* _What the task asks_
Starting at the line holding "GraphicRiver Elegant Image Brochure 506117" and finishing at the line holding "Josh Shaw is", transcribe the material exactly, keeping both ends but no pictures.

Top of Data provided

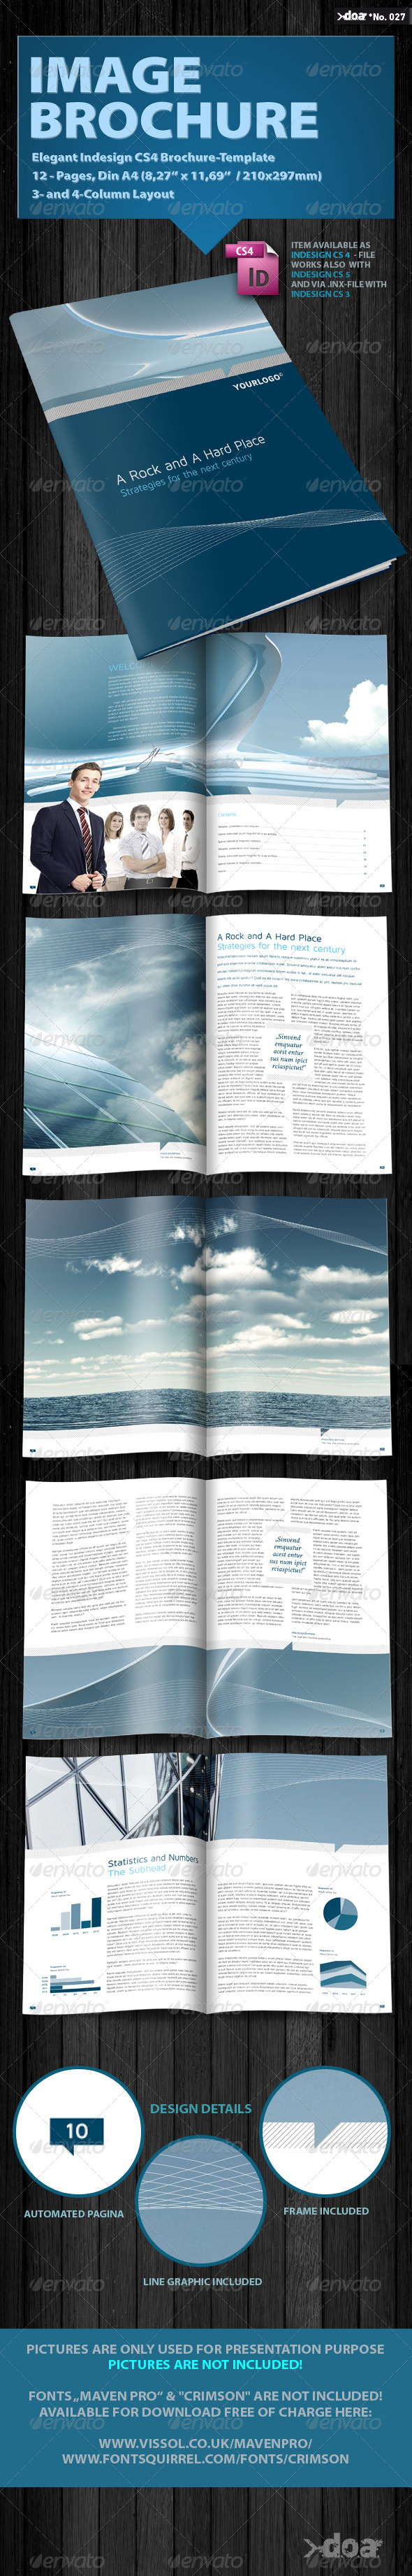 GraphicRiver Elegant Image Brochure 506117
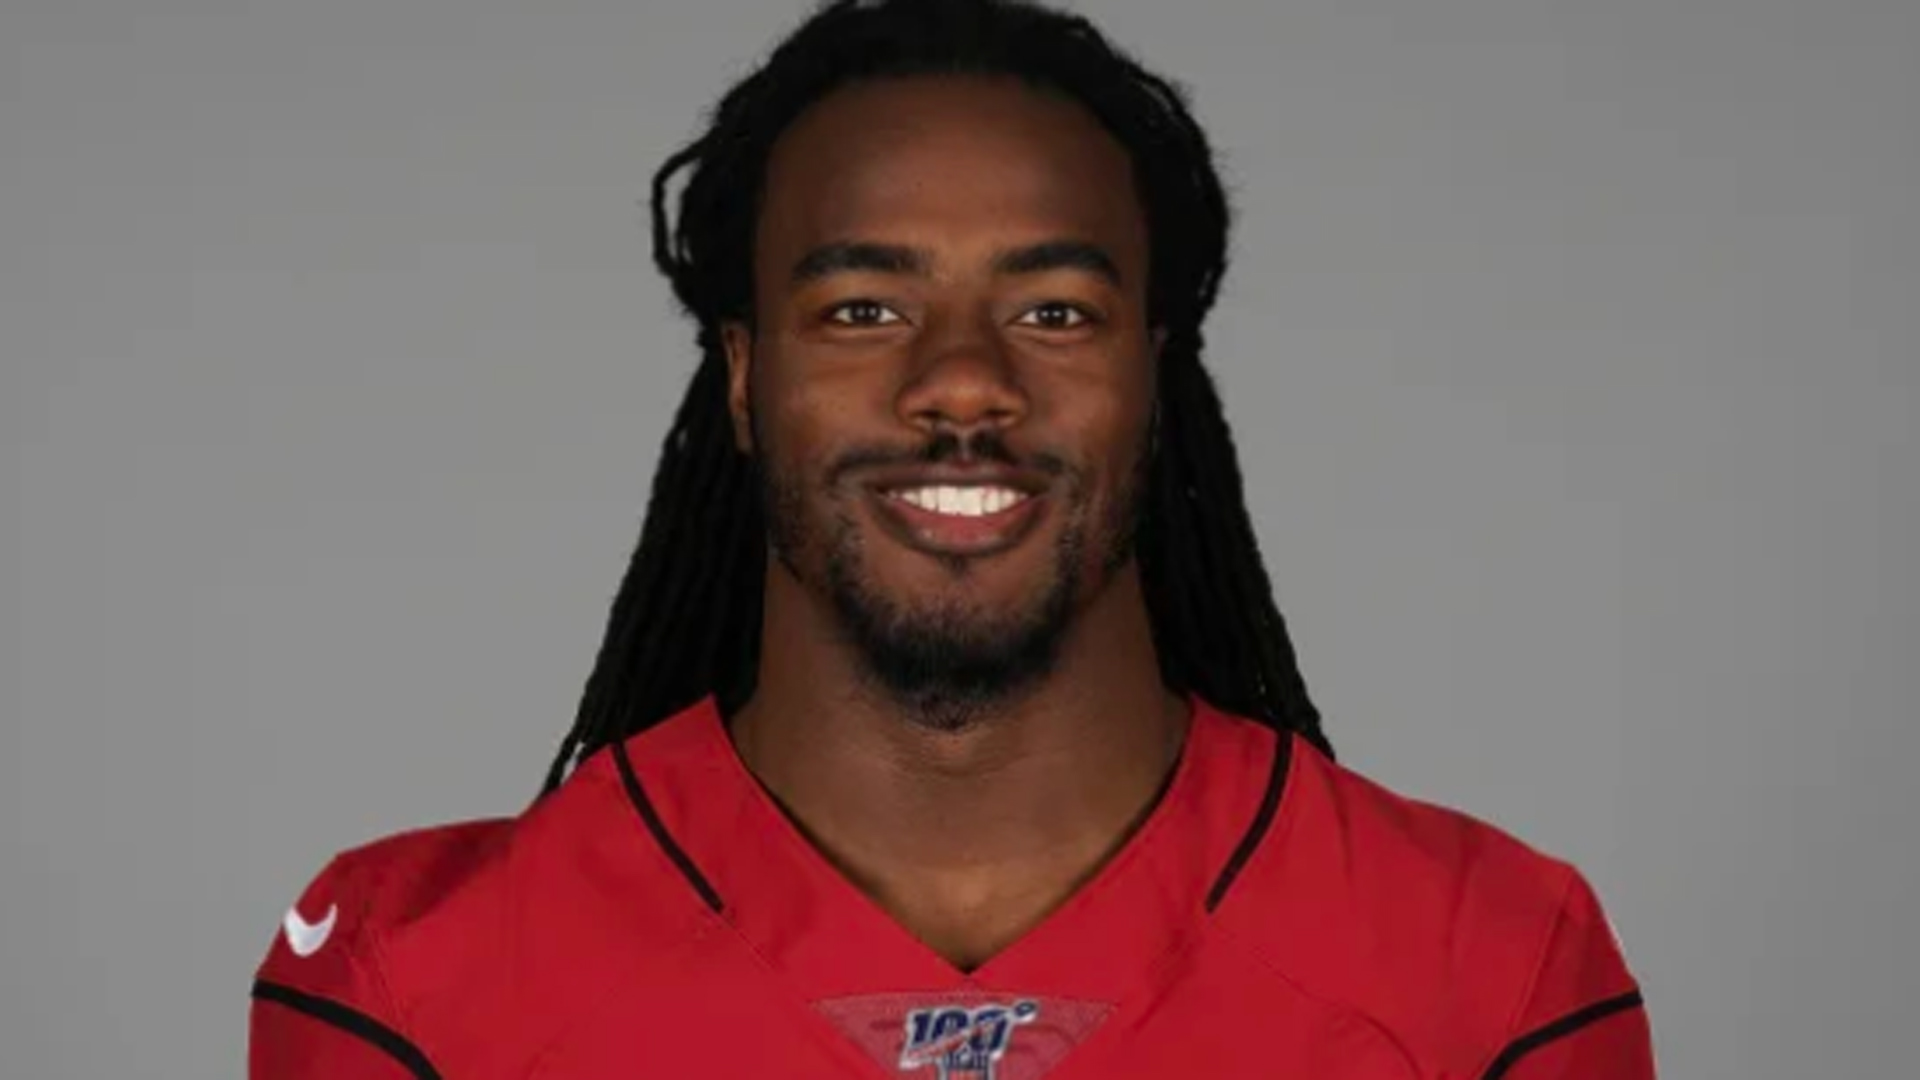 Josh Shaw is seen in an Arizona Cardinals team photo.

Bottom of Data provided
Top of Data provided

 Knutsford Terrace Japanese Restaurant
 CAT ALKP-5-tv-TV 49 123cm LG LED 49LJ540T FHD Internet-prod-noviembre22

Bottom of Data provided

* _Exercise output_
 GraphicRiver Elegant Image Brochure 506117
 Josh Shaw is seen in an Arizona Cardinals team photo.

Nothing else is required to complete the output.